Liz Milliron, “Home Front Homicide”
“Home Front Homicide” takes place in Buffalo, NY in 1942, the early years of WWII. People forget, but with Bethlehem Steel right there, Buffalo was a big part of the war production. Bell Aircraft had a plant in Wheatfield, not far outside the city limits. My protagonist, Betty Ahern, works for Bell. She is very loosely based on my grandmother, who was a Bell employee during the war while my grandfather was in North Africa. Women in manufacturing was a new idea and not everyone liked it. So what would happen if the female-friendly shift supervisor was killed at the plant? Betty is supporting a family since her dad is disabled and her older brother is in the Pacific; she needs to find out and keep her job.

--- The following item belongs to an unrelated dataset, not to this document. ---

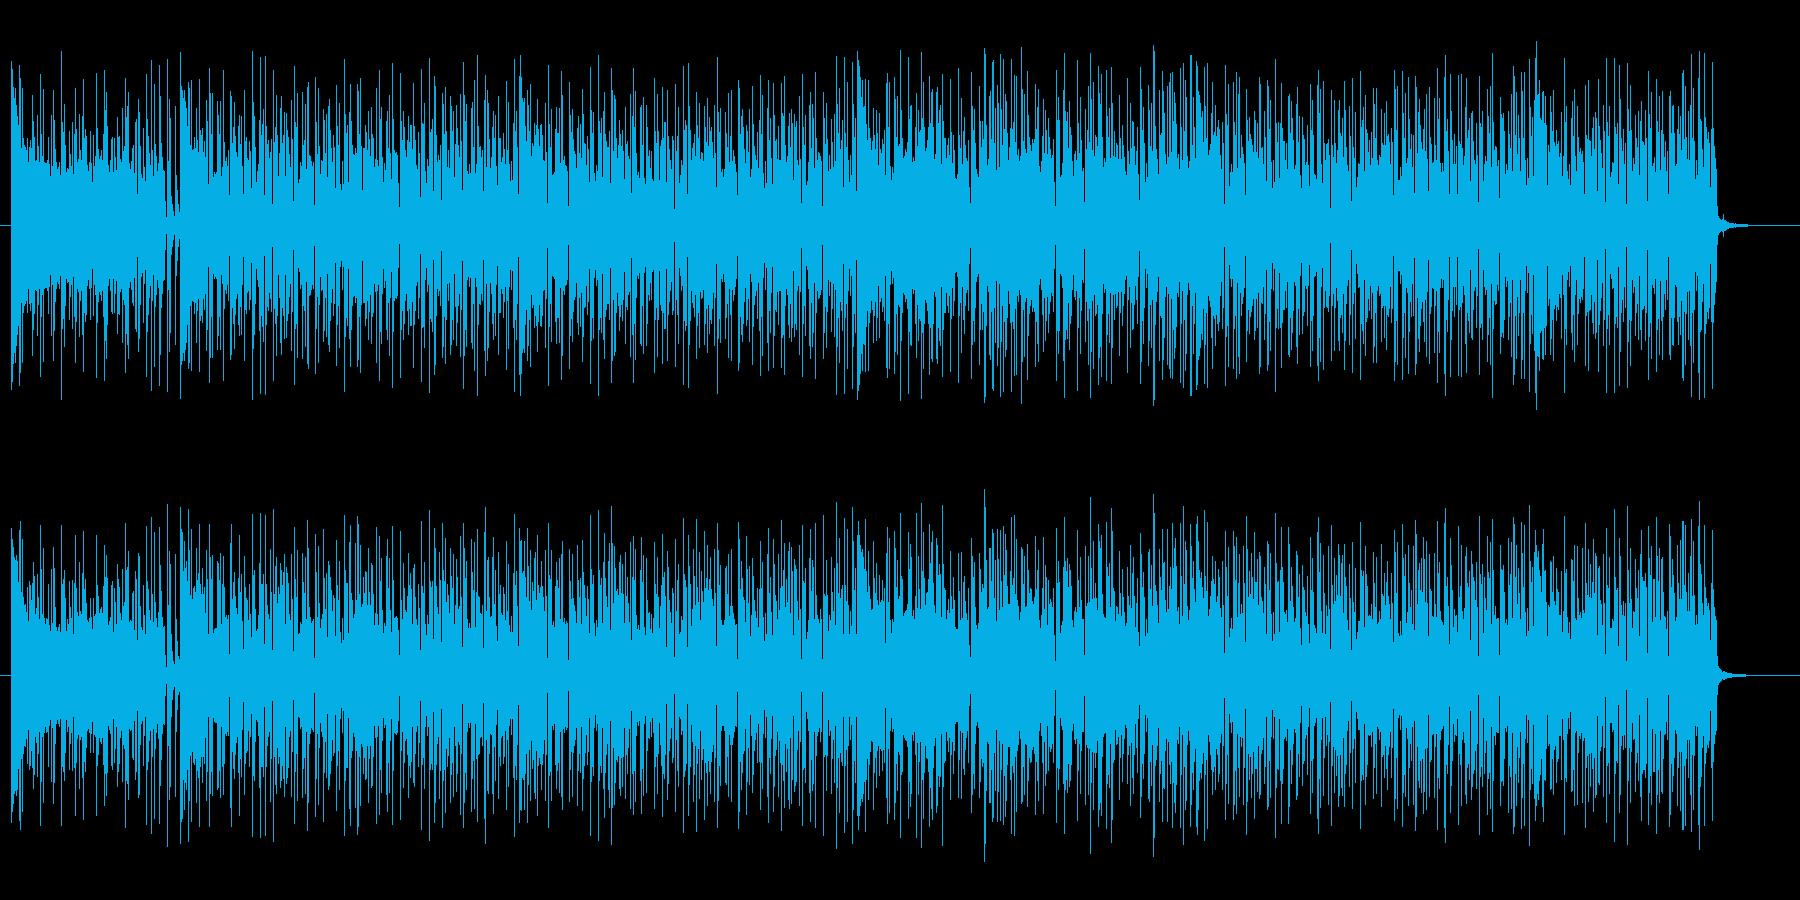 トロピカルで明るいシンセギターサウンドの再生済みの波形

My grandmother never solved a murder, but I’d like to think she’d be tickled at being the inspiration for the story.

Valerie O. Patterson, “Mr. Nakamura’s Garden”
Appropriately enough, the idea for “Mr. Nakamura’s Garden” came to me while I was attending last year’s Malice Domestic.  I read the announcement that the 12th Malice Domestic Anthology would be historical mysteries set before 1950. Already I was intrigued because I love historical mysteries.  I also happened to see an ad in the Malice booklet for Left Coast Crime, announcing that its next convention would be held in Honolulu, Hawaii, one of my favorite places.  My thoughts turned to Hawaii just before the bombing of Pearl Harbor and the US’s entry into WWII, a period I lectured about in a civil liberties class, a period rife with undercurrents.  Then, a voice came to me with a first line—“This is what the boy remembers”—and the whole story frame became clear.  As writers, we sometimes get lucky when the small pieces of story coalesce and capture a moment and, in this case, murder.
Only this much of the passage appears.